ASSIGNMENT: An exact transcription of the lines below, from the first through the one containing "Luciferian Leather Bag", is the only output wanted.

MATERIAL FOR THE TASK Block Start

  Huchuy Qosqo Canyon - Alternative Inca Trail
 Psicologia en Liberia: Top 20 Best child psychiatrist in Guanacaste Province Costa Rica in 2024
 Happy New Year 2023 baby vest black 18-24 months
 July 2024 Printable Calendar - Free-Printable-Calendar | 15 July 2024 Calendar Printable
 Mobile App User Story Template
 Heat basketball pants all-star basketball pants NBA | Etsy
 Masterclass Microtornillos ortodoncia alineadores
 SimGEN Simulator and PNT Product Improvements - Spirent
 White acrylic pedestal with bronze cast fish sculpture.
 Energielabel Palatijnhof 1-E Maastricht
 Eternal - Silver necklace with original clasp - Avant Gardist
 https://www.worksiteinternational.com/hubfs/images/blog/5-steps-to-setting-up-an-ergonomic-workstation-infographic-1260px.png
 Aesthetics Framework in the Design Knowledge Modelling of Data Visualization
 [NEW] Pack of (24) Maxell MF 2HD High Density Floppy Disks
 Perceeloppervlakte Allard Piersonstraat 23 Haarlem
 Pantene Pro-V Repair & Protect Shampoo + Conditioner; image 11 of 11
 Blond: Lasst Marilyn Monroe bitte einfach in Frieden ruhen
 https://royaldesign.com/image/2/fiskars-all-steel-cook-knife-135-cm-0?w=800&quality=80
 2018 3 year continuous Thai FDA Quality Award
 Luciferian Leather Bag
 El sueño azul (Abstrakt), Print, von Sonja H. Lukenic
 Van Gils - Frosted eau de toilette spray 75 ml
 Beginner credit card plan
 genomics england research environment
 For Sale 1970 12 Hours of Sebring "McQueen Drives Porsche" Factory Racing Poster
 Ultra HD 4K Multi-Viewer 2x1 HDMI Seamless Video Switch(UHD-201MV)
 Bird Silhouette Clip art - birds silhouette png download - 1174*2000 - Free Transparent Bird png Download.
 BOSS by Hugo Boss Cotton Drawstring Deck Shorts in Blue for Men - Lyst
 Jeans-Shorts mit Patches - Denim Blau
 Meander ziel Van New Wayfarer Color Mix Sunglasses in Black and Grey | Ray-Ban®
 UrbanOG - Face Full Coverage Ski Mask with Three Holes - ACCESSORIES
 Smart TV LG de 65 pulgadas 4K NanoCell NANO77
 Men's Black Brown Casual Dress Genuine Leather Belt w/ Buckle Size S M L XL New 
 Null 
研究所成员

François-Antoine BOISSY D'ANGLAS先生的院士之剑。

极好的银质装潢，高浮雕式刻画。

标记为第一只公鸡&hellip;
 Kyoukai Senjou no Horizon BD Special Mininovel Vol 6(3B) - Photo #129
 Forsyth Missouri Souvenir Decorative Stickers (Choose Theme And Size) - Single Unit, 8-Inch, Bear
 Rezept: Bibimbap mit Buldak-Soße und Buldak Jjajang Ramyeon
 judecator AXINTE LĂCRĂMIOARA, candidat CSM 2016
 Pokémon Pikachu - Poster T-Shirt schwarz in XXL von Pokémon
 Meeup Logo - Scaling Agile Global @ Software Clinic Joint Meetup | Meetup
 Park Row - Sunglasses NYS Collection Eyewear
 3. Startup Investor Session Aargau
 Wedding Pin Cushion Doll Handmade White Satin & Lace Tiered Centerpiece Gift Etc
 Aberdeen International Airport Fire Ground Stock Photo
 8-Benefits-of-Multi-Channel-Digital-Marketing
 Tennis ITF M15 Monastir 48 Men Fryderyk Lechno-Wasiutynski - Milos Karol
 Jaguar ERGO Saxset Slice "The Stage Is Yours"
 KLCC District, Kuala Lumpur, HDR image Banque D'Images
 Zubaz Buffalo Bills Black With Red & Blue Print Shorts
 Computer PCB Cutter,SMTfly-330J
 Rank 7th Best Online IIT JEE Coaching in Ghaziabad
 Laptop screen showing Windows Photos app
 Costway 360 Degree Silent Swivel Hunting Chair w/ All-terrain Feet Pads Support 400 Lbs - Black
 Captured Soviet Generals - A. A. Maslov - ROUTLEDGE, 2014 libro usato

MATERIAL FOR THE TASK Block End

RESPONSE TO THE EXERCISE:
  Huchuy Qosqo Canyon - Alternative Inca Trail
 Psicologia en Liberia: Top 20 Best child psychiatrist in Guanacaste Province Costa Rica in 2024
 Happy New Year 2023 baby vest black 18-24 months
 July 2024 Printable Calendar - Free-Printable-Calendar | 15 July 2024 Calendar Printable
 Mobile App User Story Template
 Heat basketball pants all-star basketball pants NBA | Etsy
 Masterclass Microtornillos ortodoncia alineadores
 SimGEN Simulator and PNT Product Improvements - Spirent
 White acrylic pedestal with bronze cast fish sculpture.
 Energielabel Palatijnhof 1-E Maastricht
 Eternal - Silver necklace with original clasp - Avant Gardist
 https://www.worksiteinternational.com/hubfs/images/blog/5-steps-to-setting-up-an-ergonomic-workstation-infographic-1260px.png
 Aesthetics Framework in the Design Knowledge Modelling of Data Visualization
 [NEW] Pack of (24) Maxell MF 2HD High Density Floppy Disks
 Perceeloppervlakte Allard Piersonstraat 23 Haarlem
 Pantene Pro-V Repair & Protect Shampoo + Conditioner; image 11 of 11
 Blond: Lasst Marilyn Monroe bitte einfach in Frieden ruhen
 https://royaldesign.com/image/2/fiskars-all-steel-cook-knife-135-cm-0?w=800&quality=80
 2018 3 year continuous Thai FDA Quality Award
 Luciferian Leather Bag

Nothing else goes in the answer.